The invoice app we built because ours kept breaking

Three years ago, I was sat in a van outside a client's house in Coventry. The electrician running the job - let's call him Dave - was showing me his invoicing setup. A smartphone, a notebook, and an email address he checked once a week. When I asked why he wasn't using the invoicing apps everyone kept recommending, he looked at me like I'd suggested he learn Latin. "Takes too long," he said. "And they all want me to pay card fees on top." That conversation stuck with me. It felt like everyone building invoicing software had forgotten who actually sends invoices for a living.

The problem nobody talks about: it costs too much to get paid

Here's a number that haunts me. On a £500 invoice paid by card, the processor takes £12.50. Sometimes more. The tradesperson ends up with £487.50, and the client has to use their card, which they may not want to do for a job at their home. We built Invoicr around a single idea: what if invoices were paid the way most business actually happens in the UK? Bank to bank. No card company in the middle. Open banking has been available for years, but no invoicing app had made it the headline feature. On that same £500 invoice through Invoicr, the fee is roughly £4. The maths are brutal enough in trades without losing 2.5 per cent of every payment to Visa's infrastructure. When we launched, I genuinely wasn't sure if people would trust it. But the first week, we had plumbers and gardeners signing up because the math made sense. They weren't paying for a feature they'd never use. They were paying to keep more of what their clients owed them.

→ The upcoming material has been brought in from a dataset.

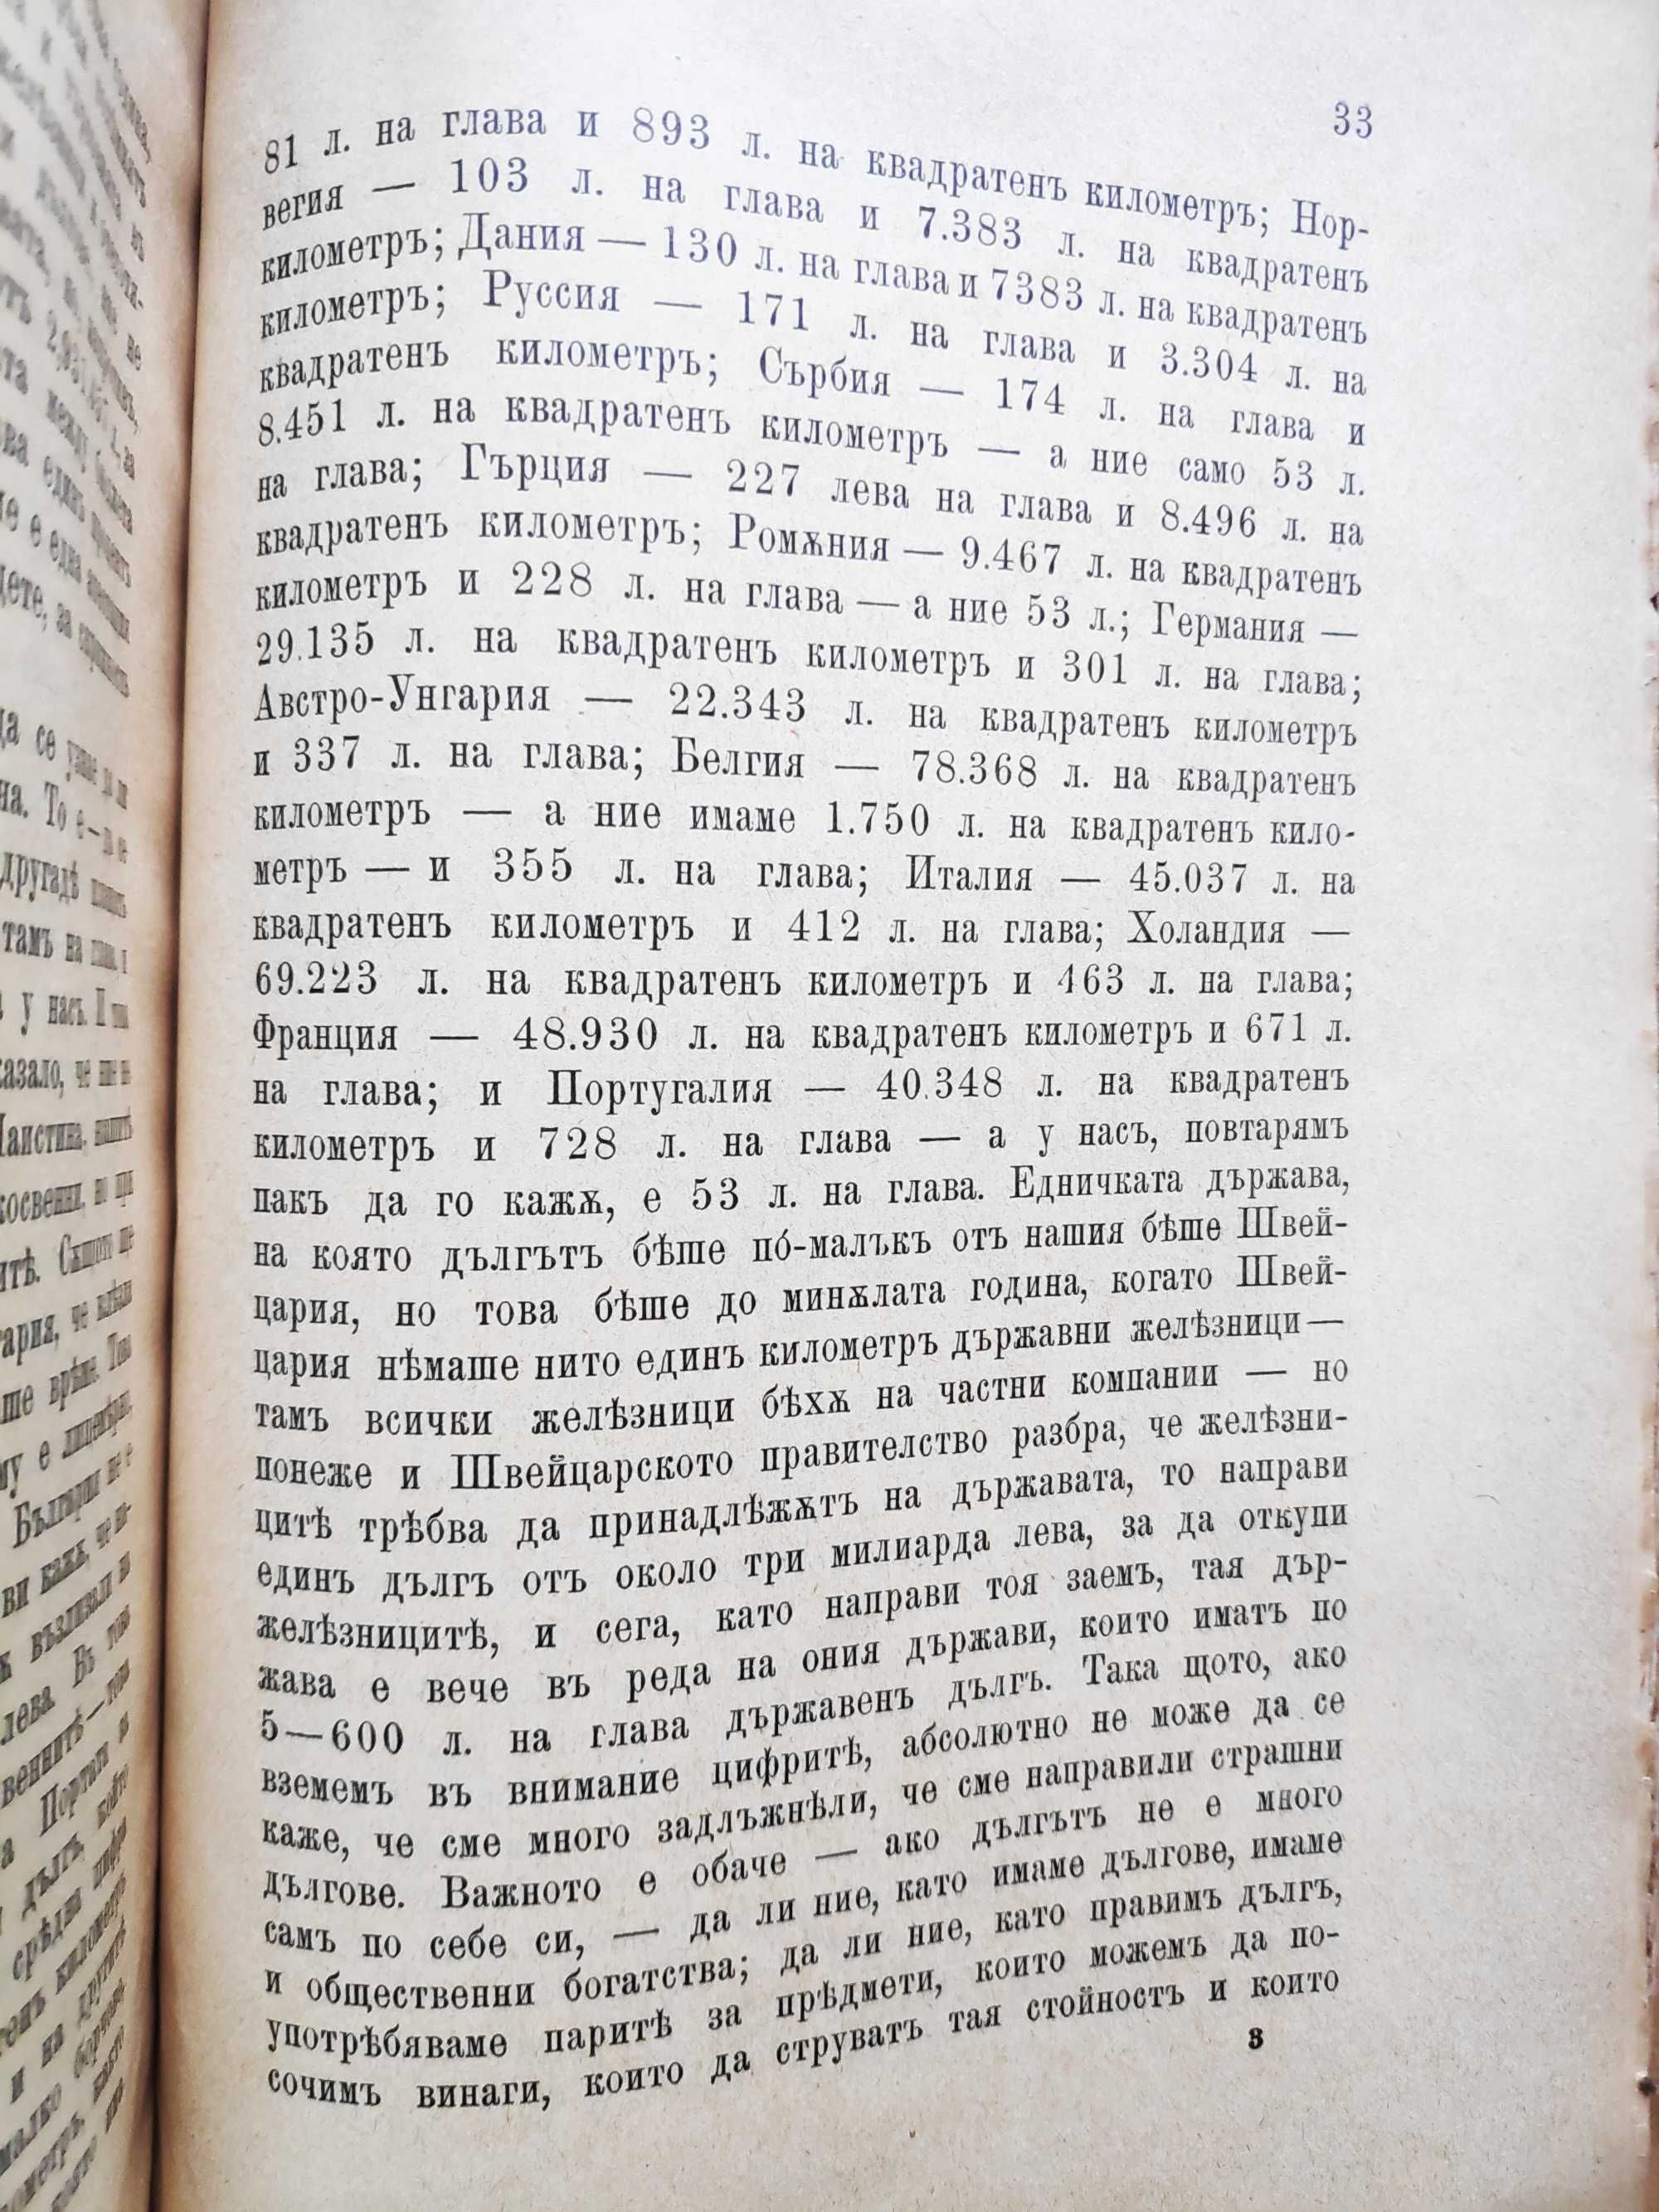 1899 Реч на министъра на финансите Т. Теодоров

Mobile first, because your office is in your pocket

Dave from Coventry wasn't unusual. Most of the tradespeople we spoke to work from vans, job sites, and customer homes. They don't have a desk. They don't have "business hours." Every app we looked at treated mobile as an afterthought. They were desktop designs squeezed into a phone screen. So we did the opposite. Invoicr is iOS native and built for a phone first. Not responsive web. Not a wrapper. A real app that works the way someone actually works when they're on site. The client portal works via a secret URL token. No username, no password recovery, no friction. A client gets a link, they open it, they see their invoice and can pay you directly from their bank. From the job site, you can send that link via WhatsApp if they need it. It takes maybe thirty seconds. That simplicity is the whole point. We're not building for procurement departments. We're building for people who need to invoice fast and get paid faster, and they're doing it between jobs.

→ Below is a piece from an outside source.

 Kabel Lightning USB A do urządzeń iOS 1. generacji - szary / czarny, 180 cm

VAT and CIS compliance shouldn't be a separate product

One of the trickiest decisions we made was keeping the Free tier genuinely free. Five invoices a month, three customers, all the core payment stuff - no card required. But we knew that wouldn't work for everyone. Some tradespeople hit that limit within a week. Builders taking multiple jobs a month, electricians with regular clients, gardeners with seasonal rushes. So the Pro tier unlocks unlimited invoices, automated payment reminders, and the ability to send quotes. That's where most tradespeople live. But we also realised something else: if you're serious enough to need unlimited invoices, you probably need to handle VAT or Construction Industry Scheme deductions. Not every tradespeople does, but many do. And the accountants we spoke to - the ones who actually work with tradespeople - wanted a way to export the data cleanly. That's what the Business tier does. It adds team seats so you can hand off invoicing to someone else if you grow, VAT compliance features, CIS deduction handling, and a clean export format for your accountant. We built it because real tradespeople asked for it, not because we wanted another subscription tier.

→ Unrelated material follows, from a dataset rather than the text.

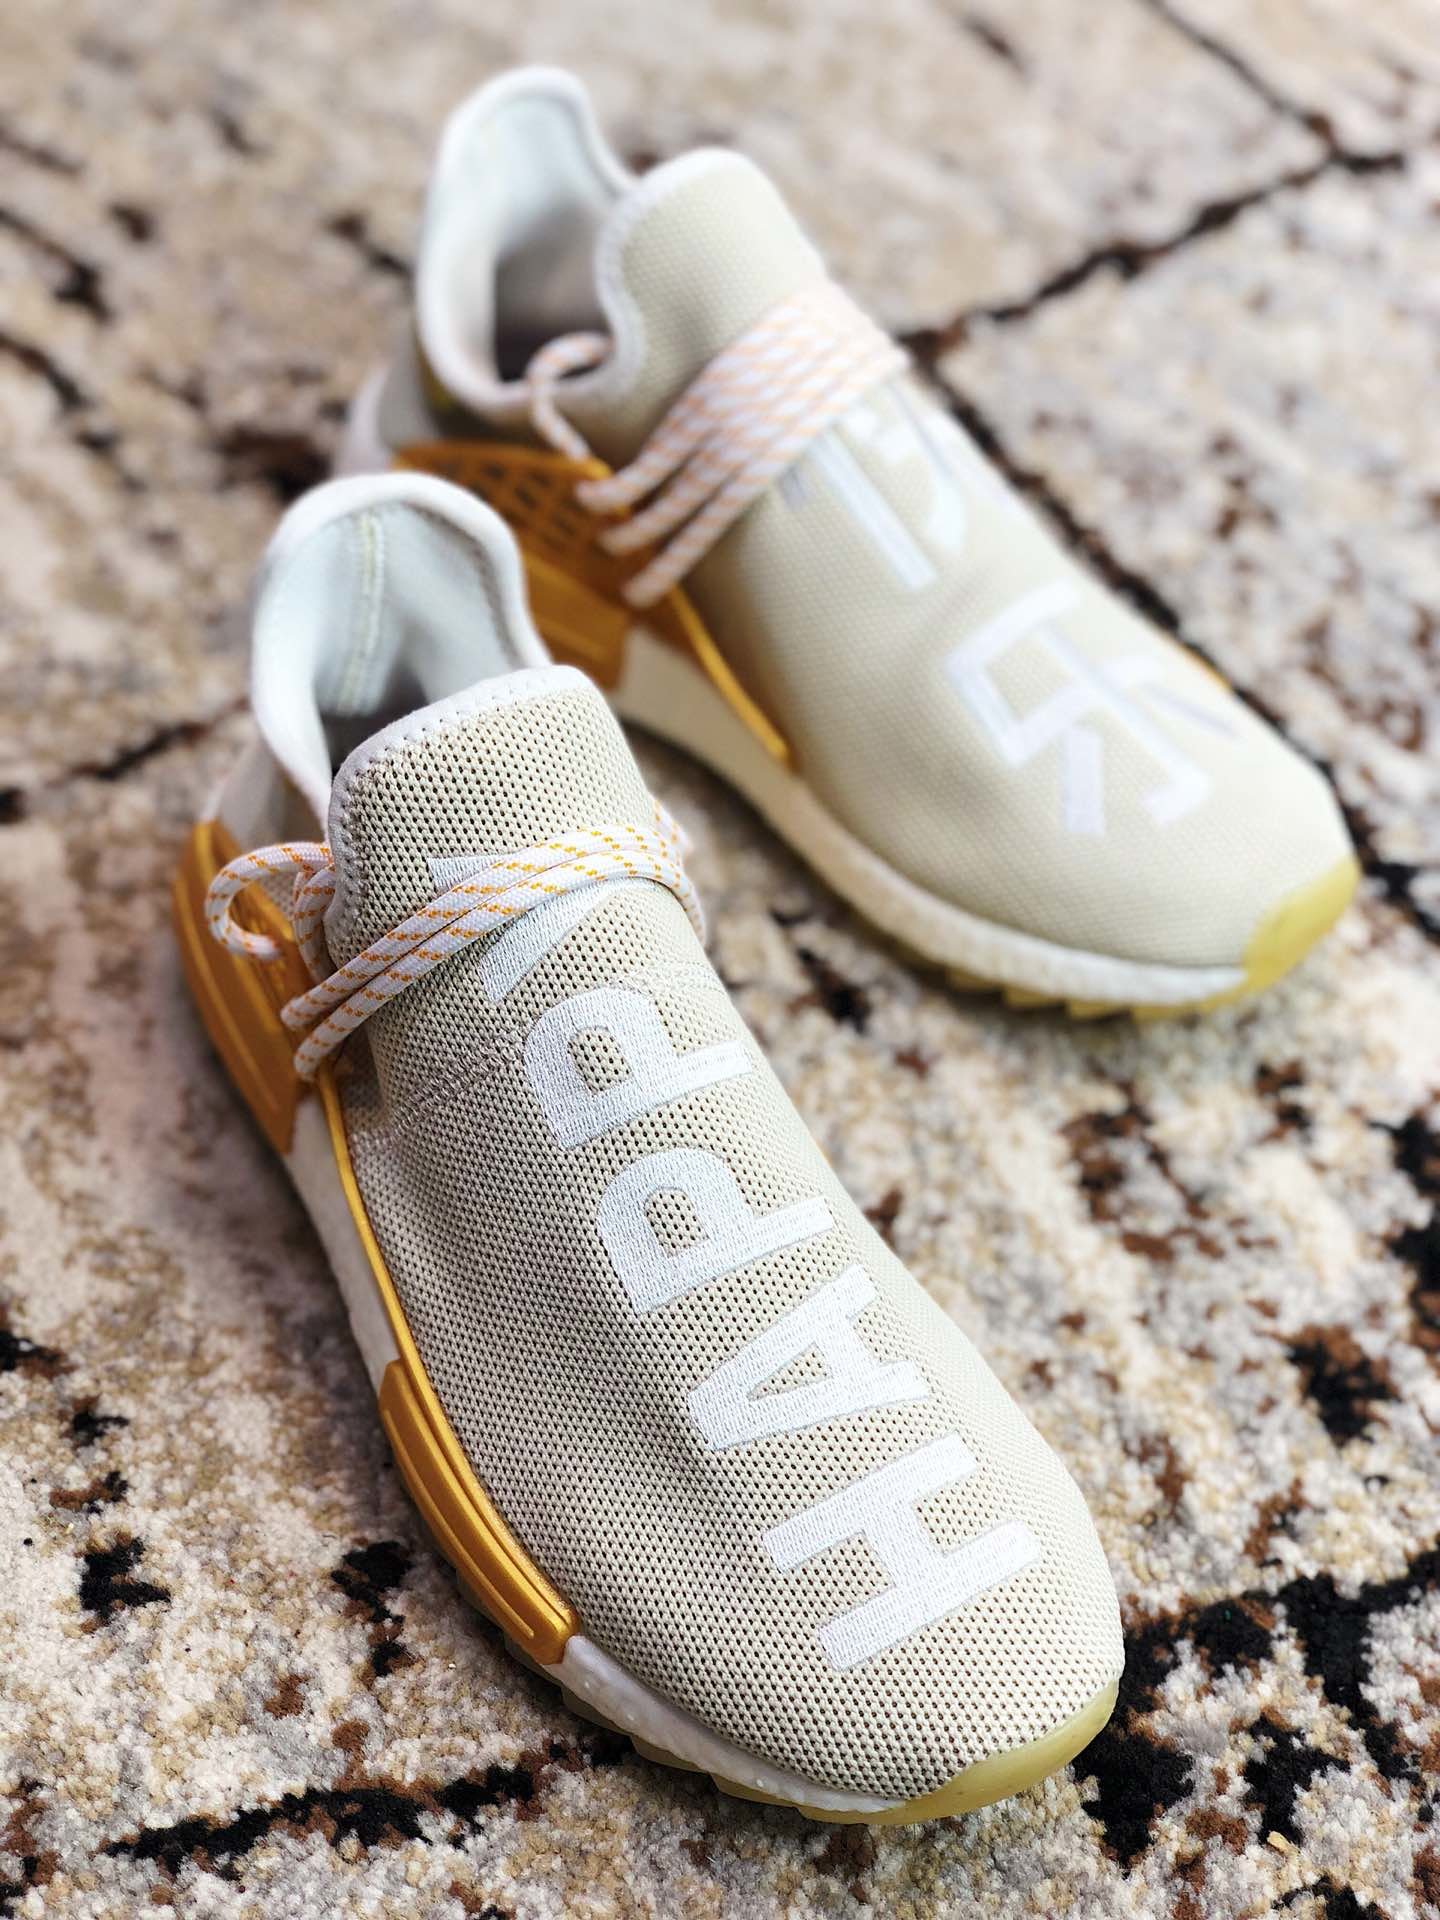 High Quality Pharrell x adidas NMD Hu F&F edition“Happy” gold ready

The reminders that don't sound angry

Late payments are corrosive. They break cash flow for small operators. But the moment you automate payment reminders, you have to think about tone. Most invoicing software sends reminders that sound like they were written by a debt collector. Urgent language. Threats lurking in the subtext. That's not Dave's style, and it probably isn't yours either. So our automated reminders are polite. They remind the client, they reference the invoice, they include the payment link. They're the kind of reminder you'd be comfortable having your name on. Because you are. That message comes from you, even though you set it up once and it runs automatically. When someone told us, "I don't feel bad sending that reminder," we knew we'd got it right.

Building for the UK, not pretending the US market is everyone

This is small but important. We're not American software with a UK checkbox. Invoicr is built for UK tax law, UK banking, and UK tradespeople. Open banking integration only works in the UK. VAT and CIS compliance features don't translate to other countries. The cost of the payment method is structured around British banking infrastructure. We made choices that only make sense here, which means we can't easily expand into Australia or Canada or anywhere else. We don't care about that. We care about doing one thing properly. It means we understand what a plumber in Manchester actually needs, not what a venture capital fund thinks a global invoicing platform should do. When a regulation changes, we change with it. When a tradespeople asks why something works a certain way, the answer is usually "because that's how the UK works." That focus is in every decision.

Three years on from that conversation in the van, Invoicr's here. Free for your first few invoices. Designed for the work you actually do. But the real question isn't whether an app can handle invoices - most of them can. It's whether it respects how you work, and whether it saves you money instead of taking it. Does yours do that?